Organize or Participate in a Show

Recently Linda Rae Coughlin, in Warren New Jersey invited me to participate in an Art Card Rugs show. Linda had gotten this idea from a group of quilters who had organized a show and created a deck of cards out of art quilts. She took this idea and adapted it to rugs and invited fifty-three rug hooking artists to participate. I gladly participated for several reasons. I liked that she had the initiative to take on such a huge project and wanted to support it. I also liked the idea of making myself create a rug that I never would have thought about doing. I chose the Jack of Spades and created a very interesting rug that blended my idea with Linda's ideas for a show.

A second show that I have decided to submit to is called Art Hits the Wall. Jan Moir, of Lunenburg County, Nova Scotia, is curating a show that asked rug hookers to create a rug based the work of an artist or piece of work. Usually I like to come up with my own ideas and try to remain as uninfluenced as I possibly can. The "usually" is exactly why I have decided to submit to this juried show. I need to keep exploring ideas, and that sometimes means doing things that I do not see as "like me". I got out my art books and started sketching, not pictures of the works in them, but sketches inspired by them. I found a book of paintings by Gustav Klimt and saw a richly coloured painting of a group of women all wrapped up in fabrics. It reminded me of when three or four of my sisters and I used to sleep together in the same bed. The trigger went off. Klimt's visual image captured a memory and a feeling for me, and I had a reason to make a rug. I have just started this rug and will submit it to the jury for the show, knowing that the exercise is not in getting my work accepted, but it has been in responding to the challenge that the show's organizers presented. If you are part of a rug hooking group you might want to work together in a brainstorming session to come up with a show theme to host at your local museum or library.
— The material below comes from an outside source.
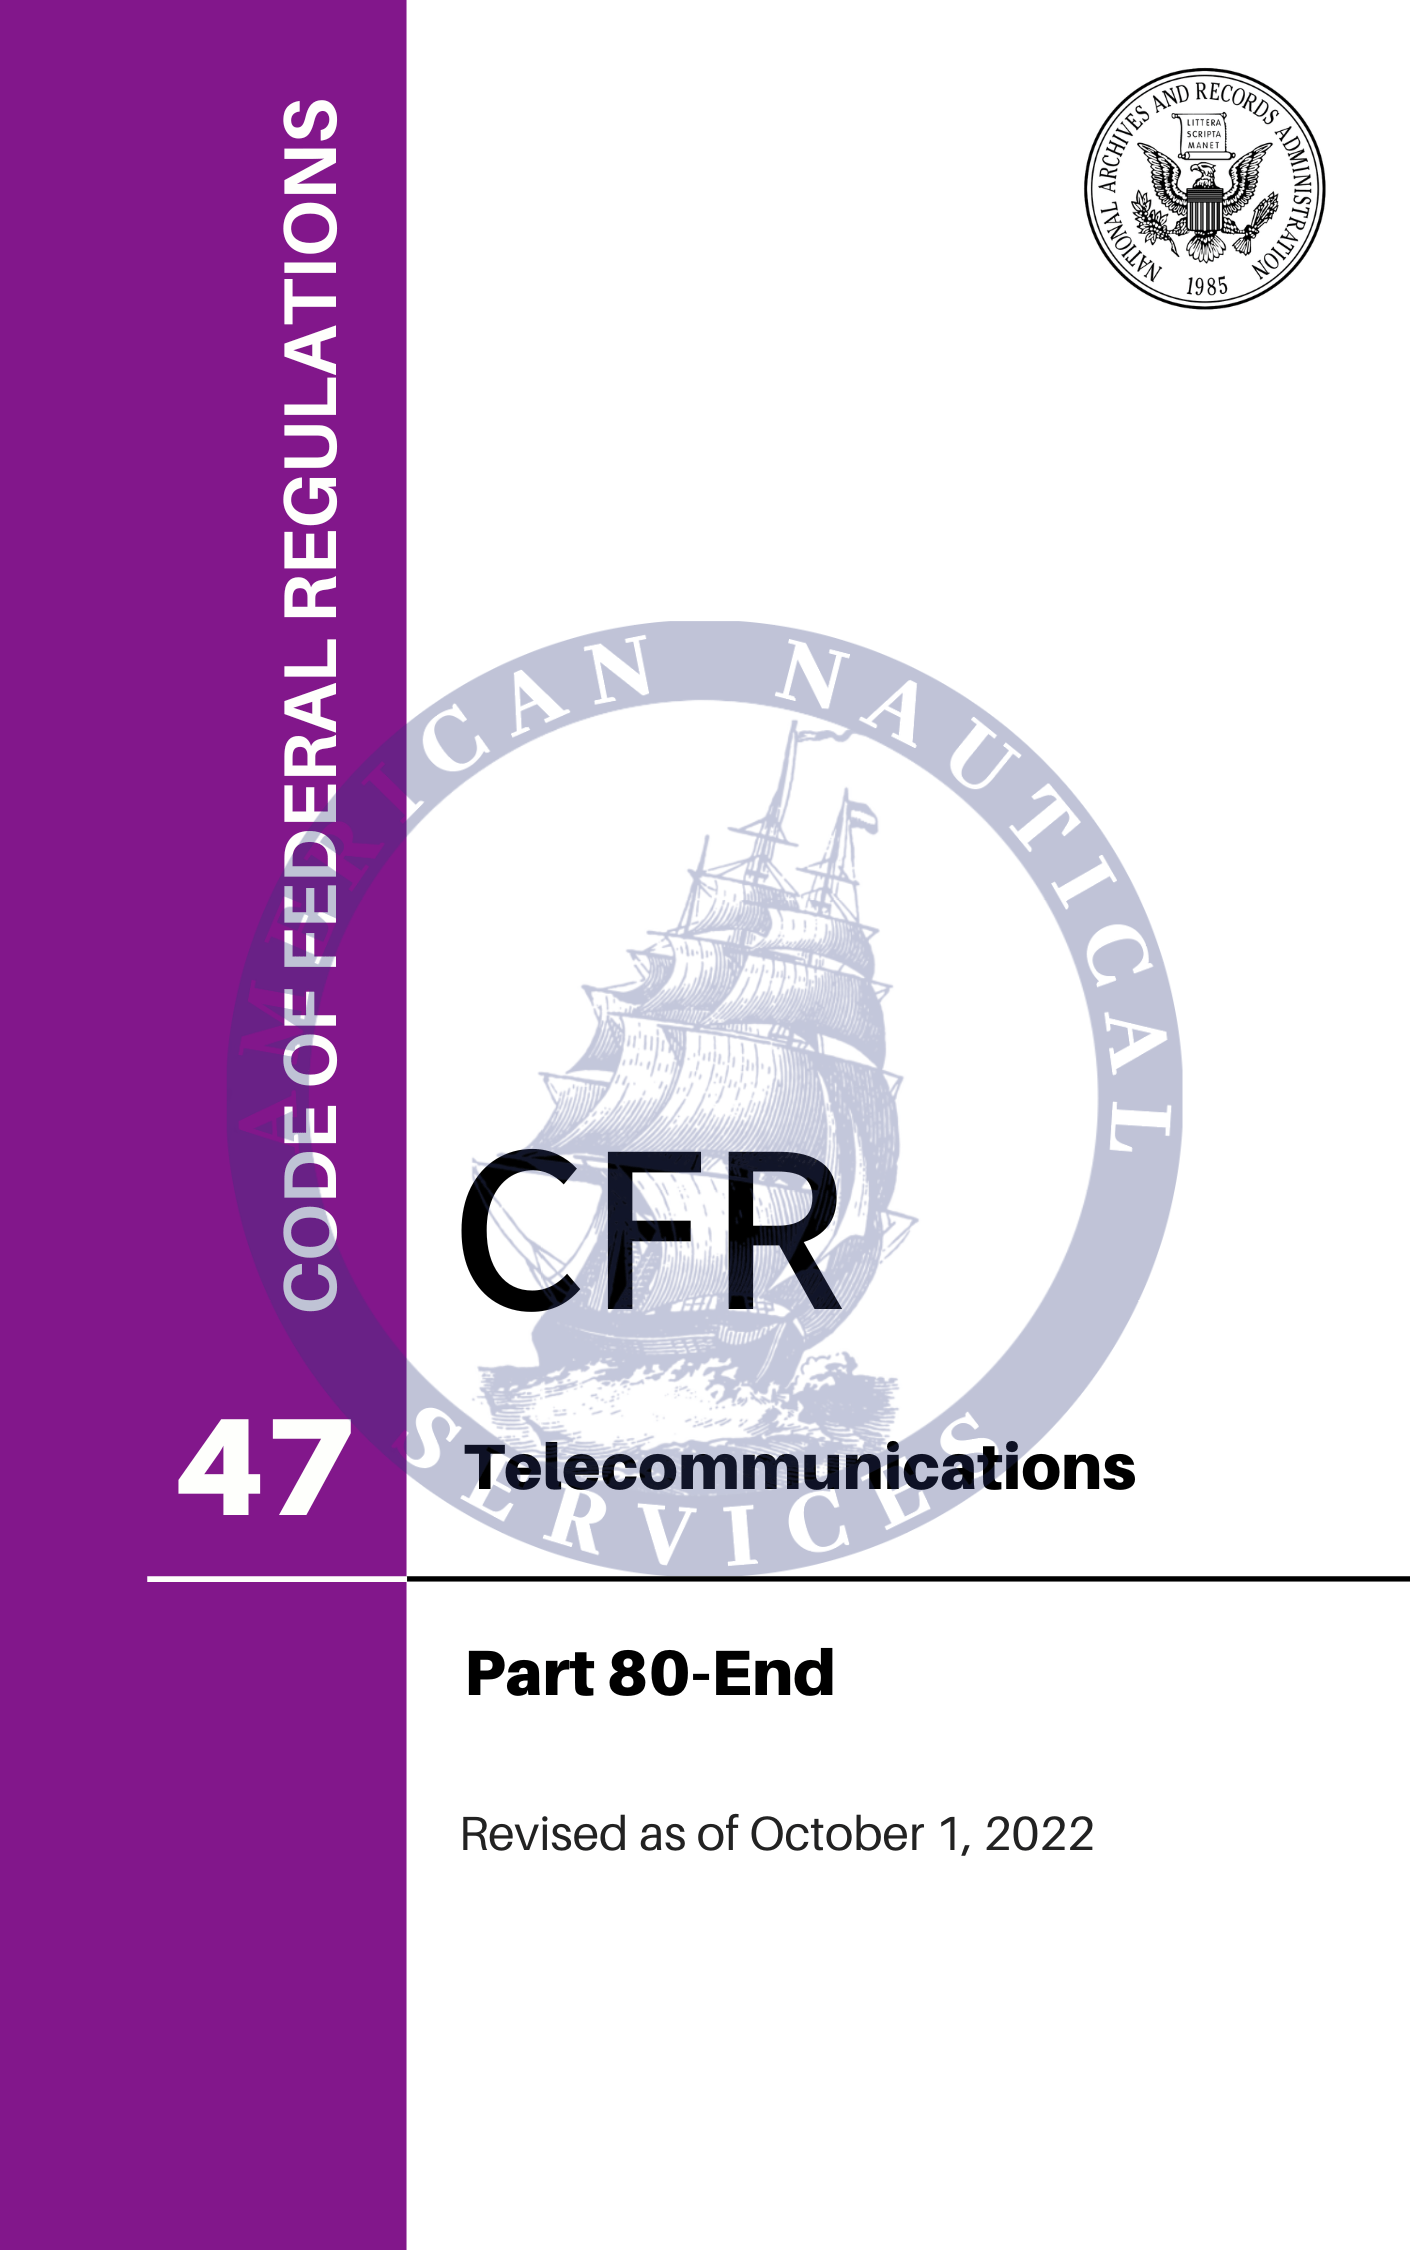 CFR Title 47: Parts 80-End - Telecommunications (Code of Federal Regulations), Revised as of October 1, 2022

Plan an Inspiration Journey

Two years ago, myself and four other artists from different disciplines decided to use Nova Scotia's Studio Rally map, a list of artists in the province, to plan a little studio tour for ourselves. We picked a route and organized a Band B for a one-night vacation, and visited the studios of six or eight artists along the way. We have made this an annual event, finding that visiting different kinds of artists in their own studios filled us to the brim with ideas and inspiration. Check with local tourist boards for information on artists studio in your area. They are everywhere, hidden in the hill, down by the bay, and on city streets. If they advertise studio visits go see them.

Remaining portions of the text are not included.